A good friend gave me this writer’s box as a gift and I look at it every day. I think about what it says on the front, “The writer must write what he has to say, not speak it.”

I like this…because I often struggle against “reacting” with my words rather than “acting” with them. The truth is, my words have gotten me into trouble more times than I care to count.

I find myself facing a difficult situation, a broken one, and I tend to react first emotionally and then rationally. When that happens, the road to restoration is longer, harder, and more painful than if I’d stepped back for a bit.

Which brings up the whole issue of broken versus whole. Weak versus strong. Dependent versus independent. All good old American principles for making it in this world, right?

Not really.

Throughout history we can trace back individuals whose brokenness gave way to a better life, a better message, a better person.

A couple of examples from real life…

English composer Sir Edward Elgar once listened to young girl singing a solo from one of his own works. She had a voice of exceptional purity and clarity and range, and an almost perfect technique. When she finished, Sir Edward said softly, “She will be really great when something happens to break her heart.”

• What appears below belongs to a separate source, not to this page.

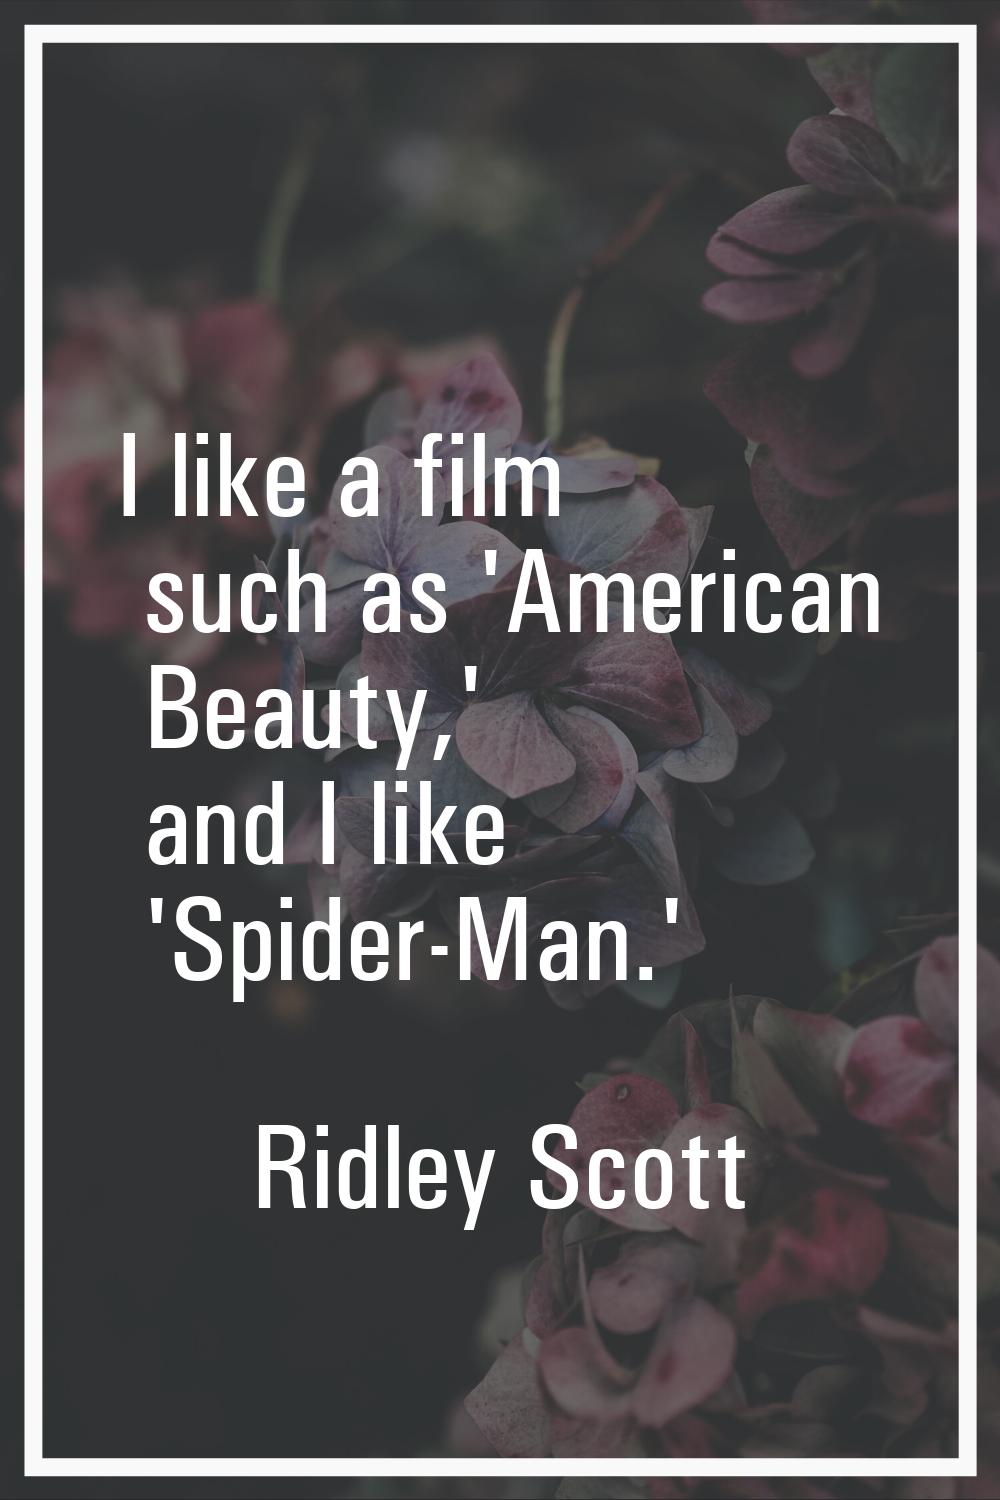 I like a film such as 'American Beauty,' and I like 'Spider-Man.'

J.M. Barrie (author of Peter Pan) tells how his mother lost her favorite son, and then says, “That is where my mother got her soft eyes, and that is why other mothers ran to her when they had lost a child.” Suffering had done something for her that an easy way could never have done.

William Barclay

It is telling that people from diverse walks of life can agree that even the most gifted among us gain more after they’ve endured some personal hardship. I wish it weren’t so…but brokenness is just part of life (everyone’s life.)

Author and speaker, Sheila Walsh, says it well as she helps people view brokenness from a very different perspective.

Broken people often think “the end” has come for them. The end of joy. The end of significance. The end of hope. They seldom realize that, from God’s point of view, brokenness actually leads to a different “end” altogether: the death of self-centeredness, pride, and unconcern.

And we all know that oftentimes, the most painful “endings” usher in “beautiful” beginnings.